• Exercise requirements: Transcribe the data exactly, pictures excluded.

• Given data:
•••

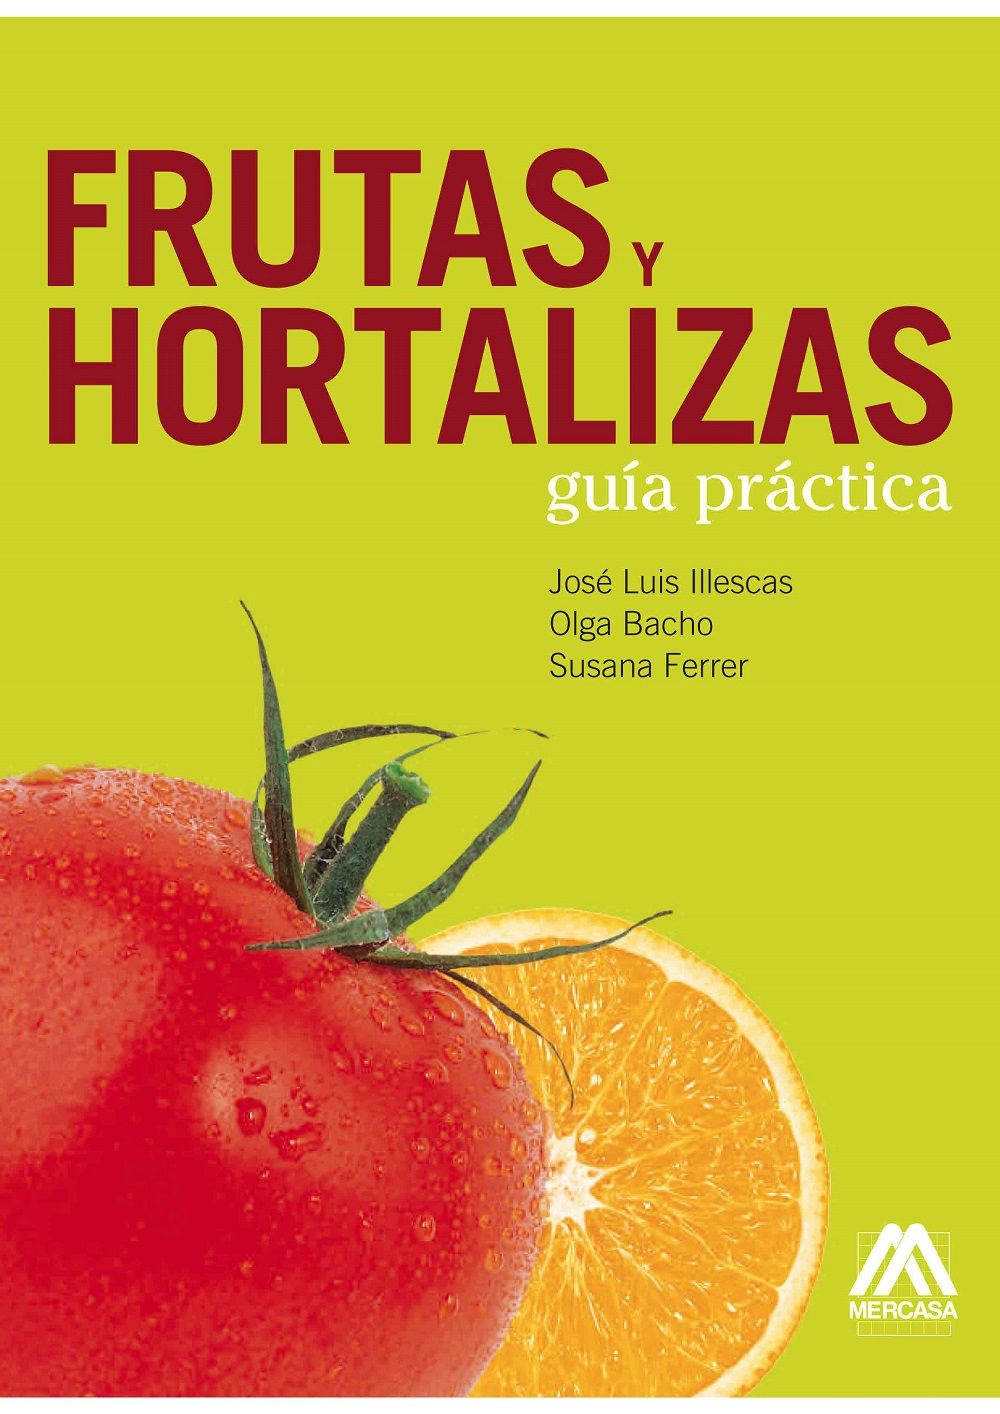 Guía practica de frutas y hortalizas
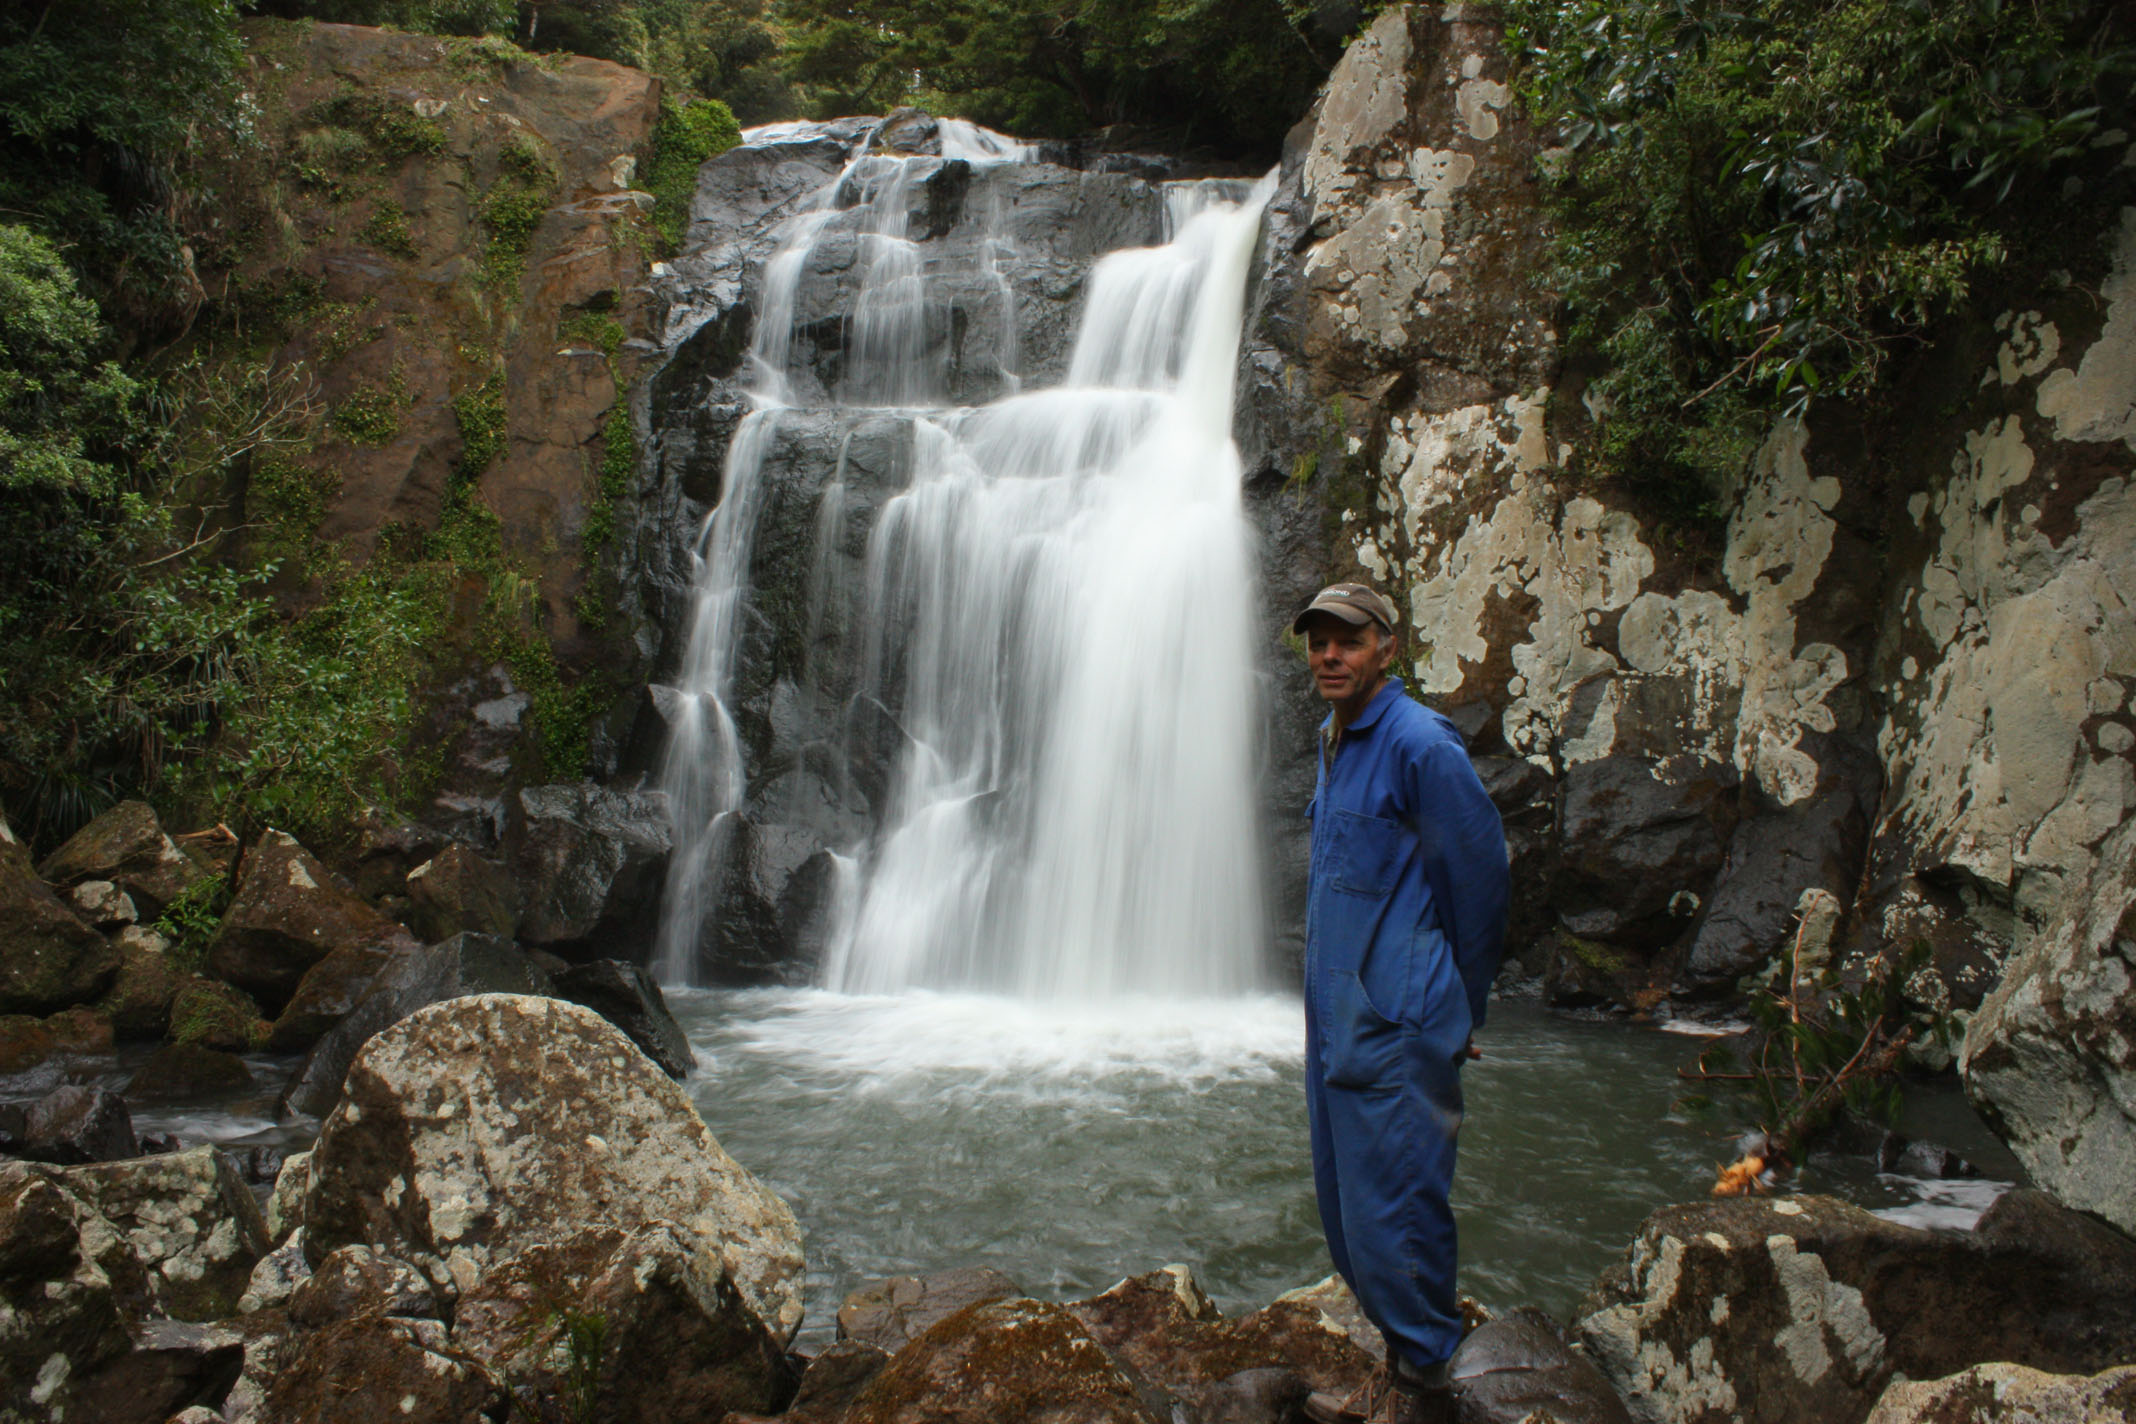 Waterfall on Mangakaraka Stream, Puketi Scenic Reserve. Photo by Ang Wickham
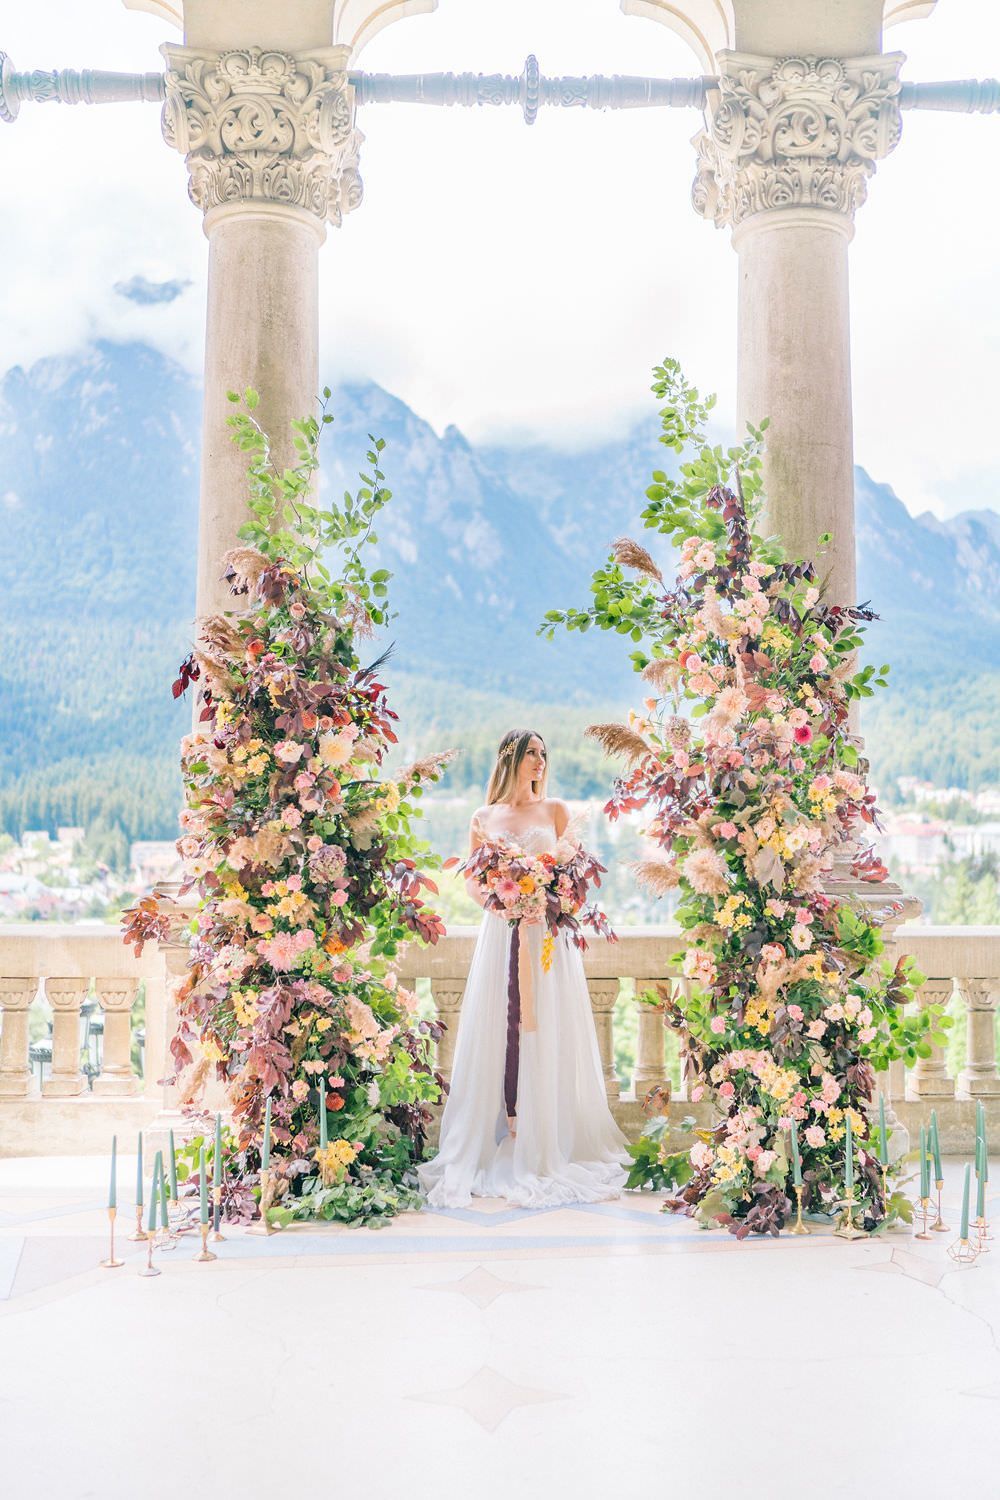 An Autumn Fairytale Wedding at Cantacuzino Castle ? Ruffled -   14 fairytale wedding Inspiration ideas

•••

• Written response:
 Guía practica de frutas y hortalizas
 Waterfall on Mangakaraka Stream, Puketi Scenic Reserve. Photo by Ang Wickham
 An Autumn Fairytale Wedding at Cantacuzino Castle ? Ruffled -   14 fairytale wedding Inspiration ideas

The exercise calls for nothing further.